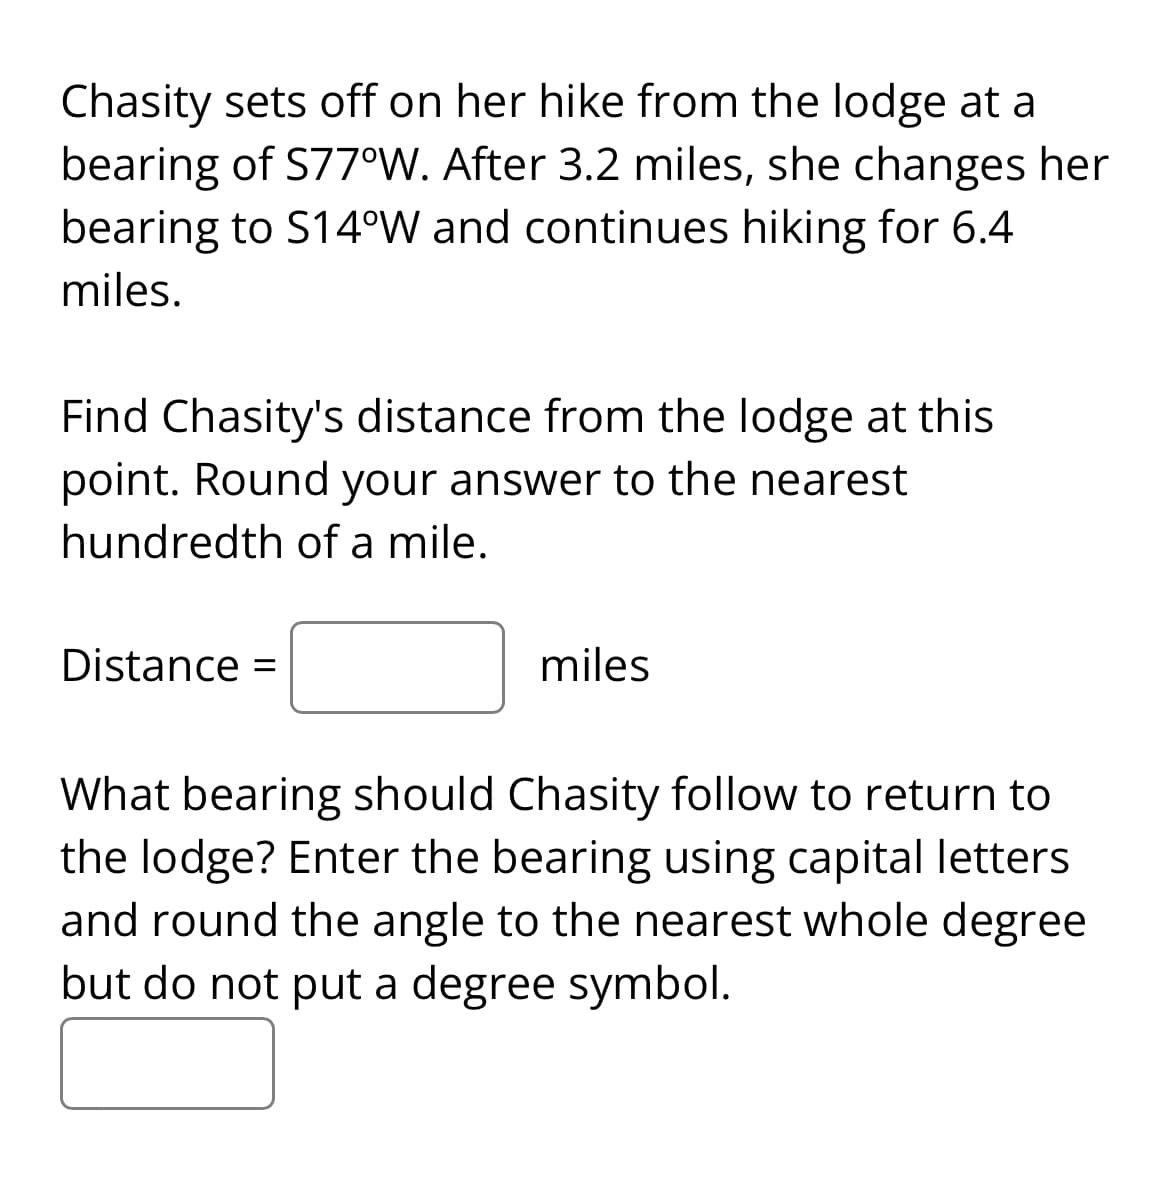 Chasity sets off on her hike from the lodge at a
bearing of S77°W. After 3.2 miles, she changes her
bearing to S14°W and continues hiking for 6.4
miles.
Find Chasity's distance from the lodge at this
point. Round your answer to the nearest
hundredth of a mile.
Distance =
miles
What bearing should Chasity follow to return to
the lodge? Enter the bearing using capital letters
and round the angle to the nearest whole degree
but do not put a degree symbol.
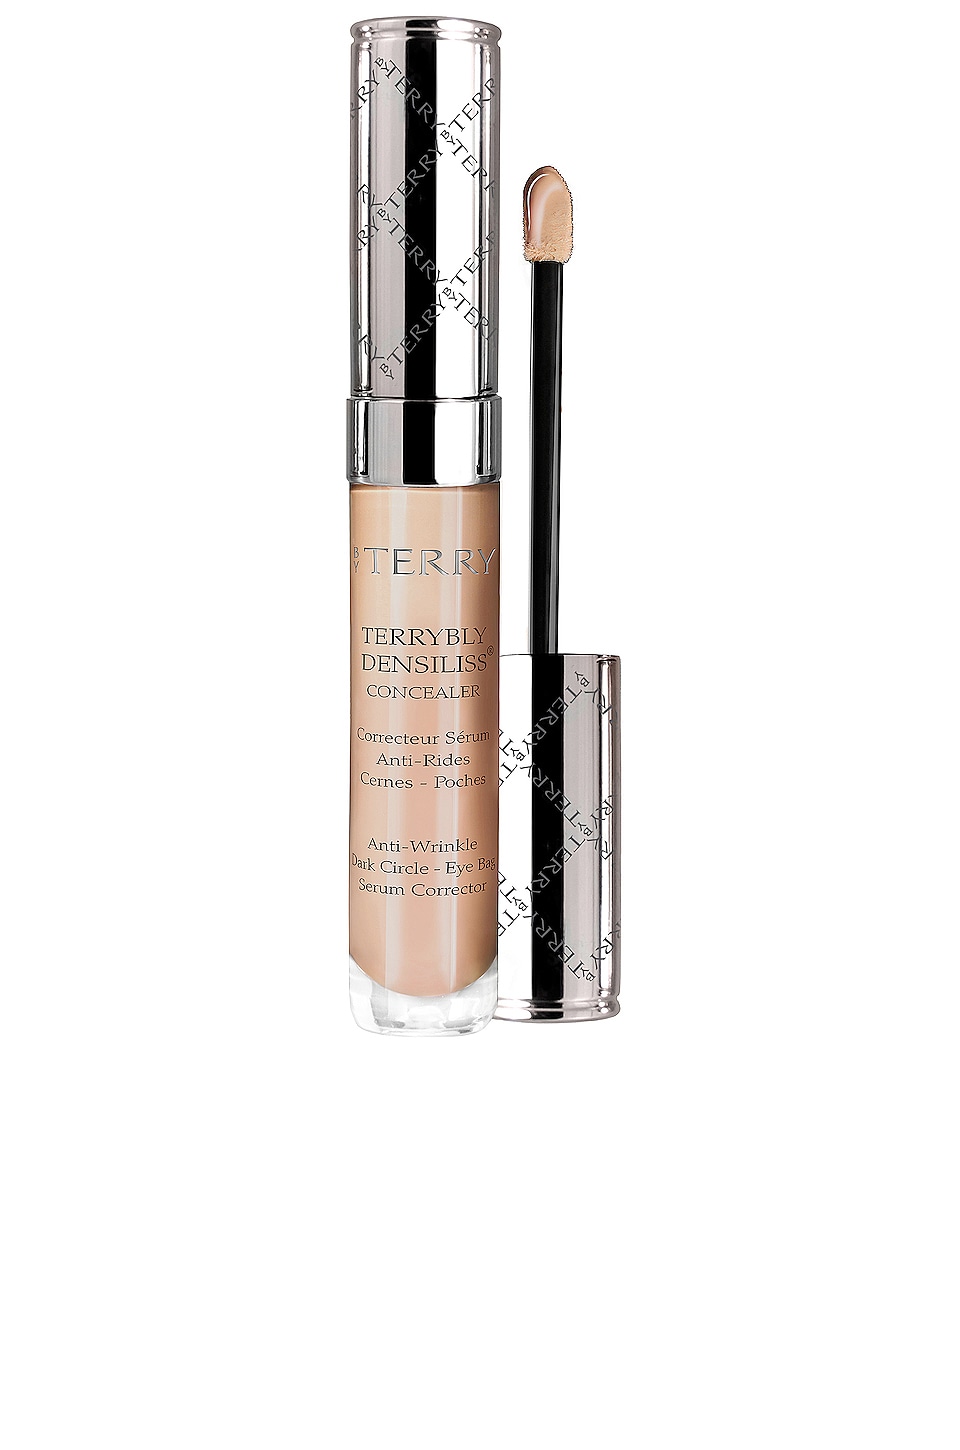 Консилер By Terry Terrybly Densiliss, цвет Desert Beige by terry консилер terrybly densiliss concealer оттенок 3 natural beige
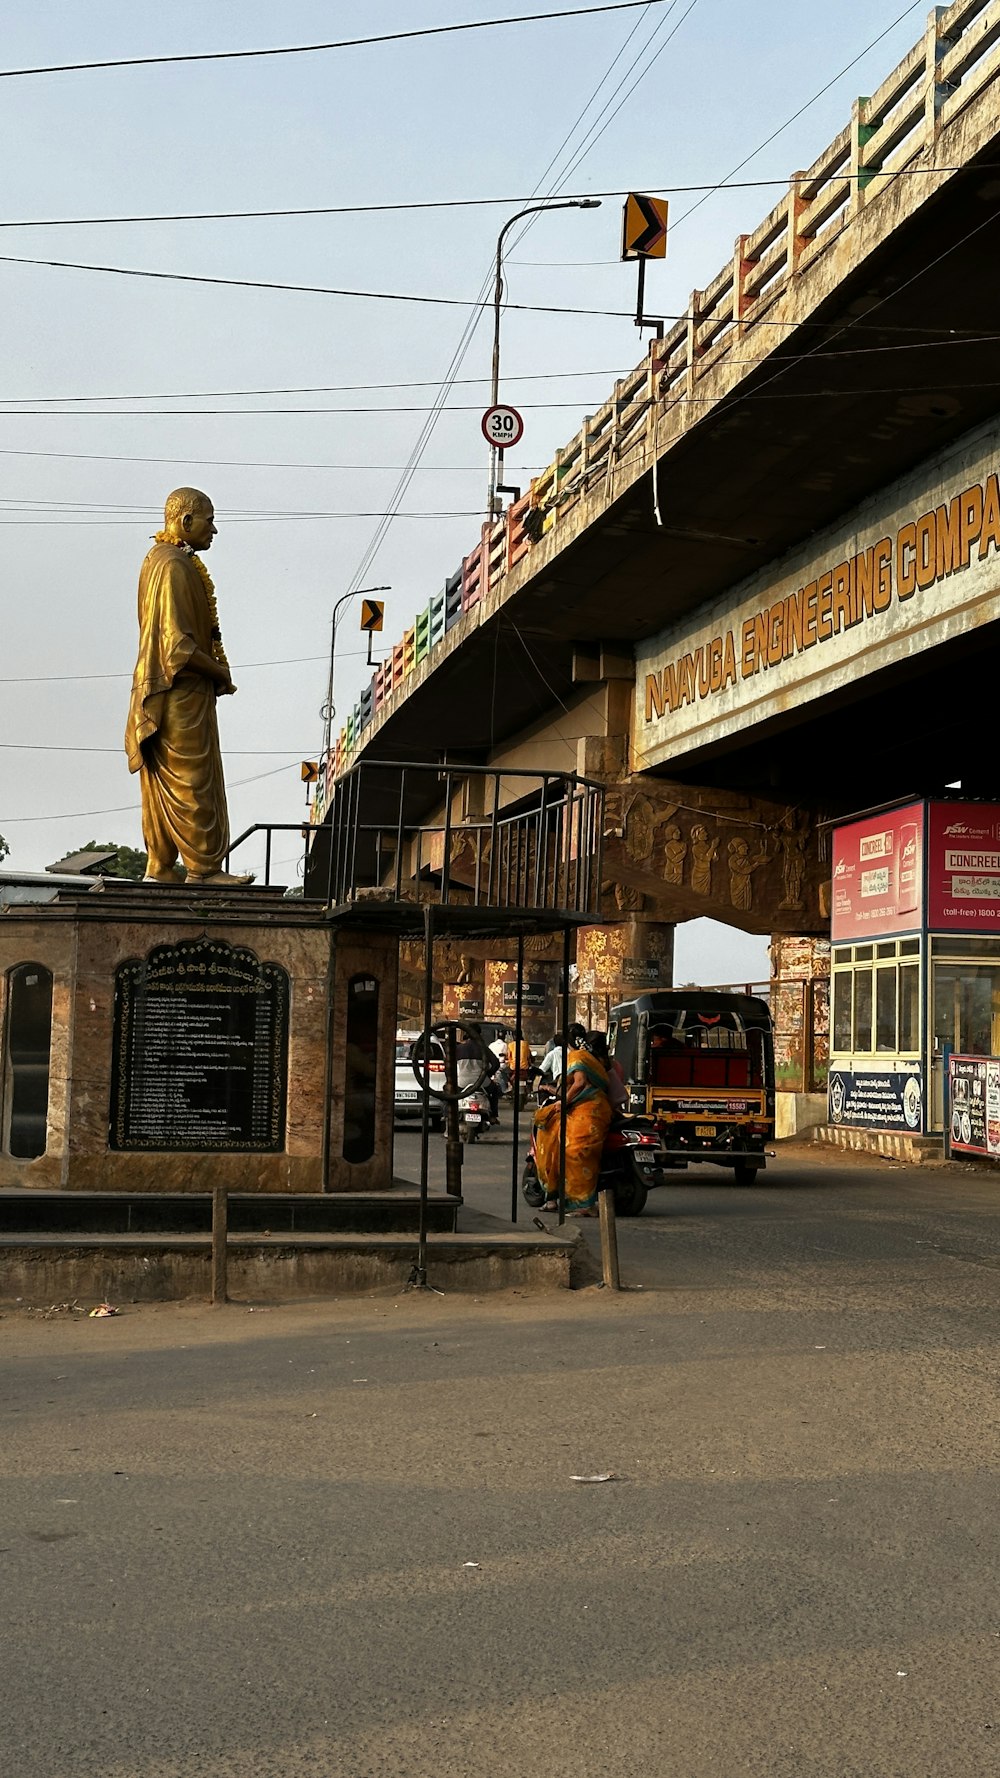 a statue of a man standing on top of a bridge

·····

▸ Task description: Copy exactly the lines from the line holding "and round the" to the final line of the listing, and leave the pictures out.

▸ Task output:
and round the angle to the nearest whole degree
but do not put a degree symbol.
 Консилер By Terry Terrybly Densiliss, цвет Desert Beige by terry консилер terrybly densiliss concealer оттенок 3 natural beige
 a statue of a man standing on top of a bridge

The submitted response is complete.